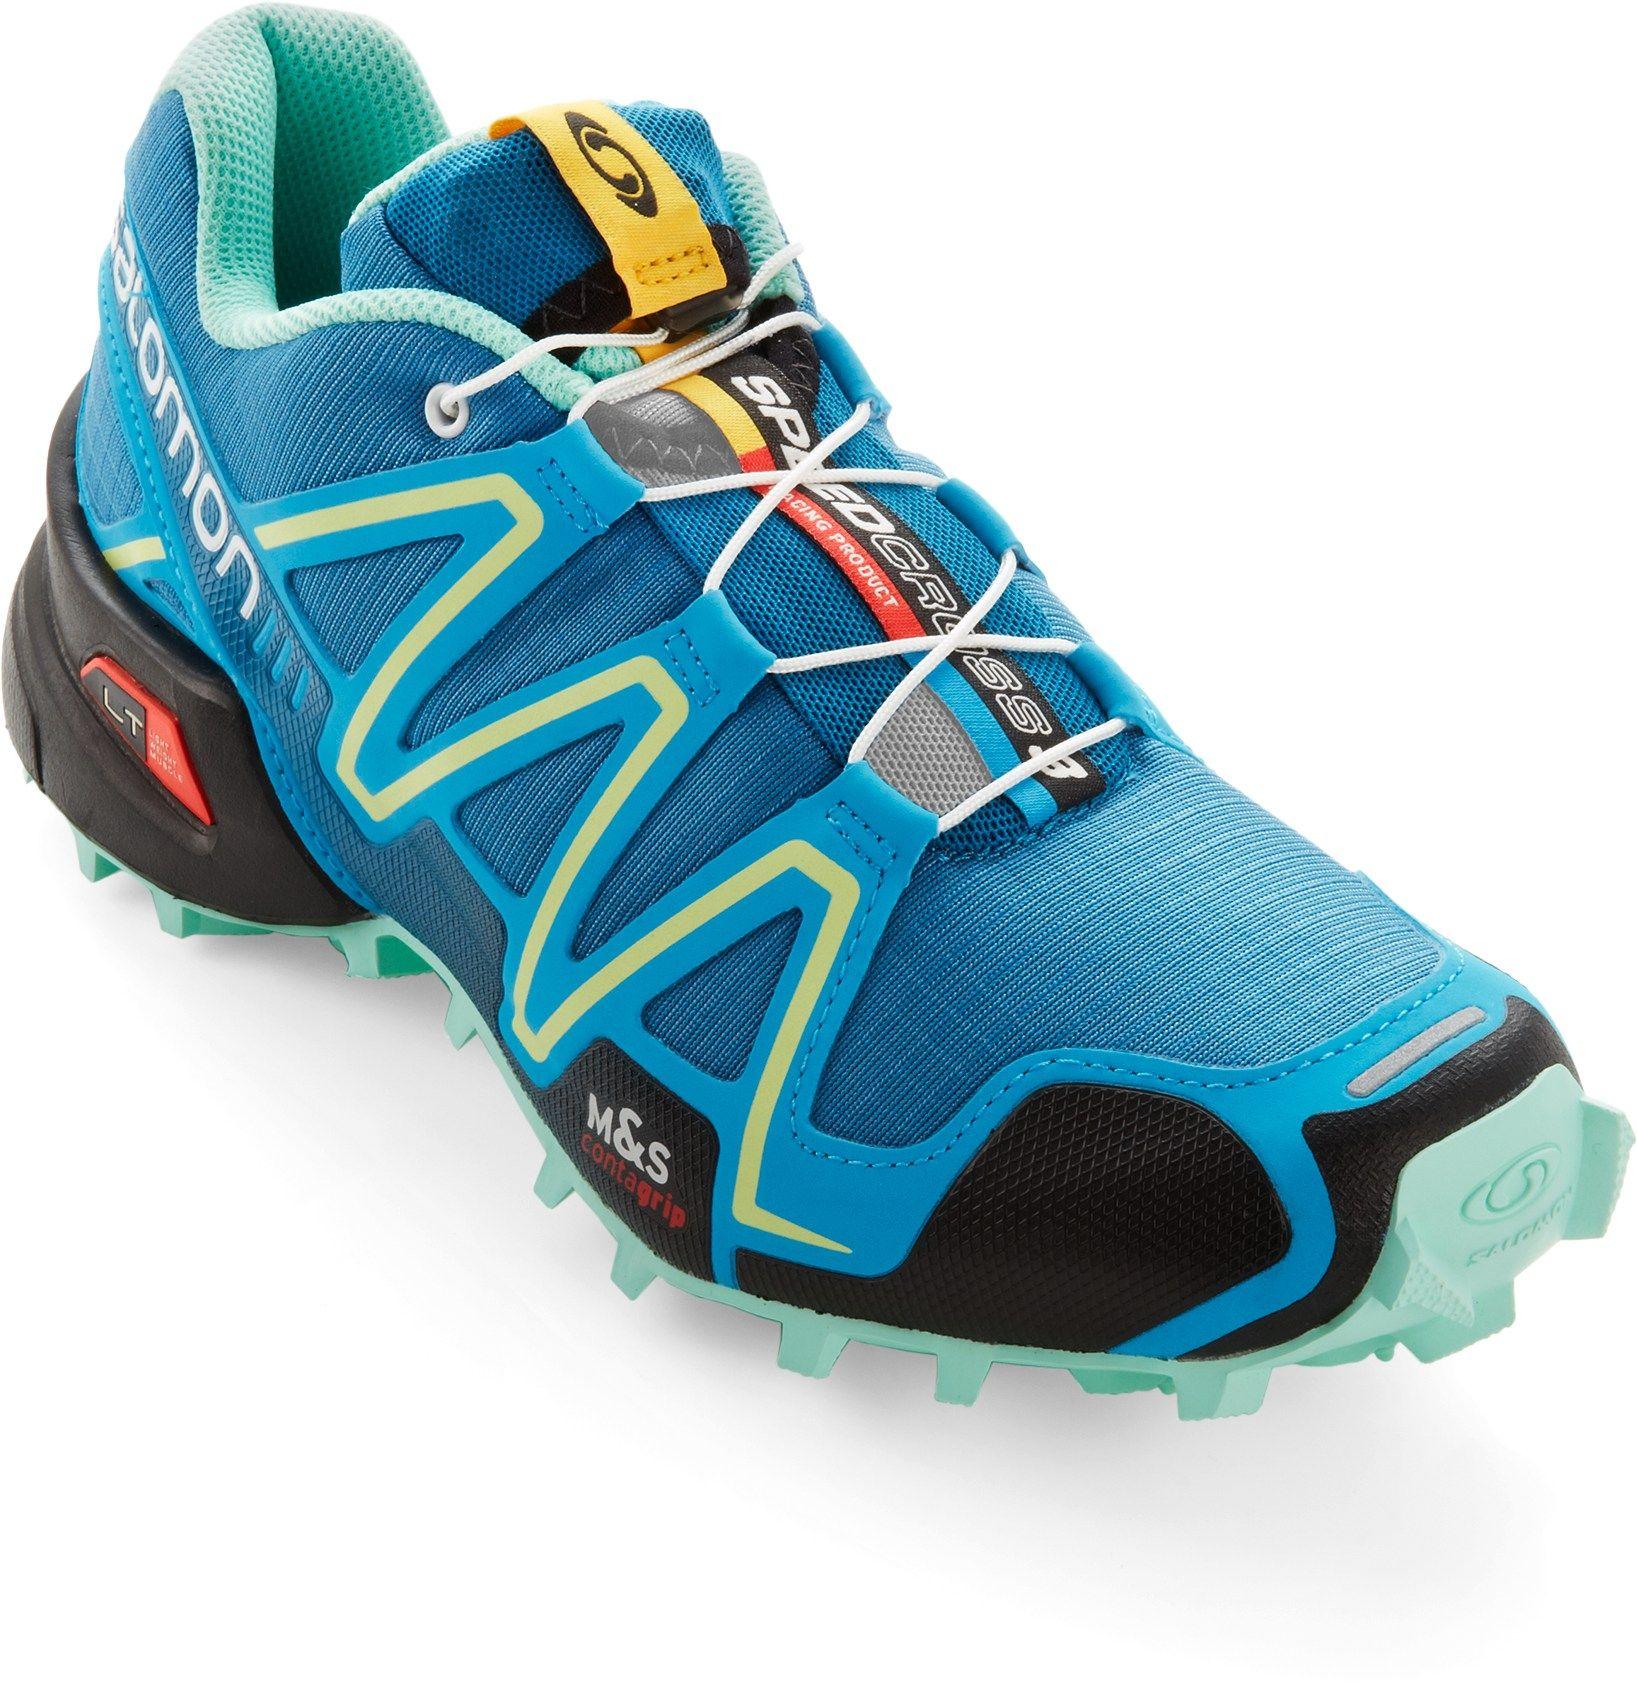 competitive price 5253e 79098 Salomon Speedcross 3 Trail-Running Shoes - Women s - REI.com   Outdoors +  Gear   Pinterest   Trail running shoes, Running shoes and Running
--
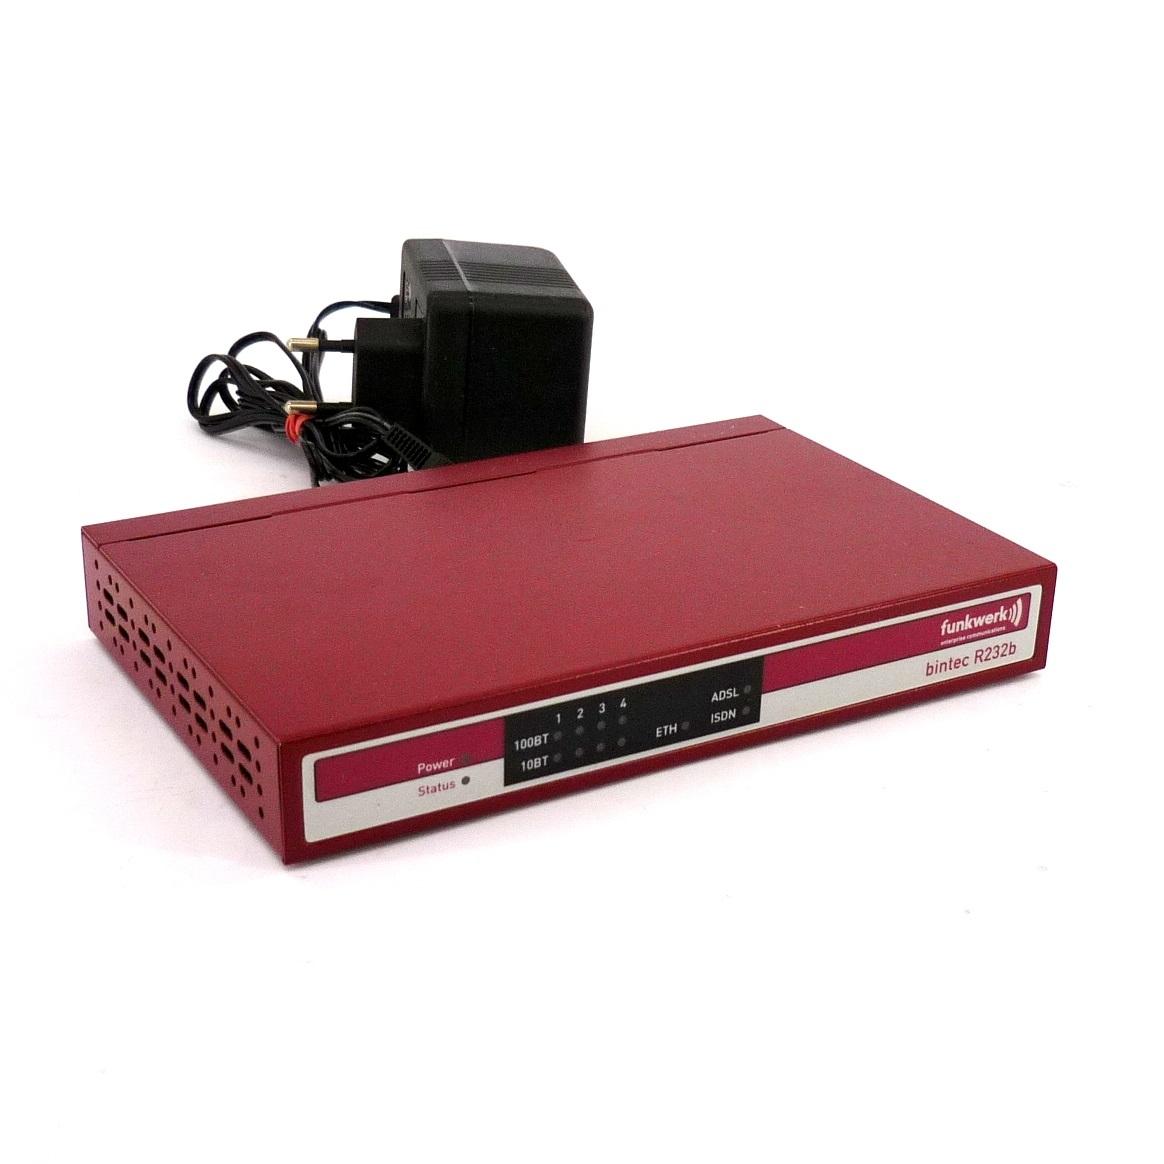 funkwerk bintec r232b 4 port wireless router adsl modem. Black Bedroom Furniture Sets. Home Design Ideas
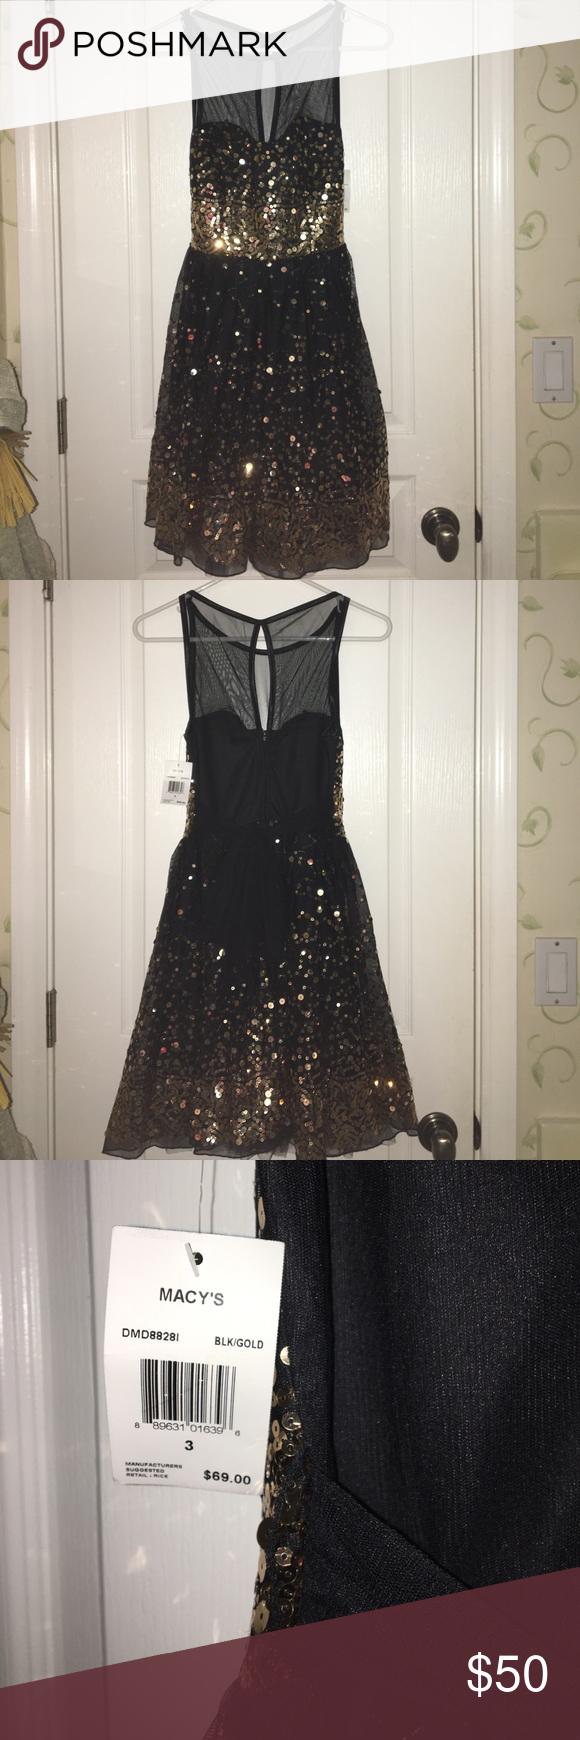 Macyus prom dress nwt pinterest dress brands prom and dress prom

> **REQUIREMENT**
Using the records above, print exactly the run of lines that starts with the line with "funkwerk bintec r232b" and goes on through the line with "Macyus prom dress", pictures excluded.

> **COMPLETED EXERCISE**
 funkwerk bintec r232b 4 port wireless router adsl modem. Black Bedroom Furniture Sets. Home Design Ideas
 Macyus prom dress nwt pinterest dress brands prom and dress prom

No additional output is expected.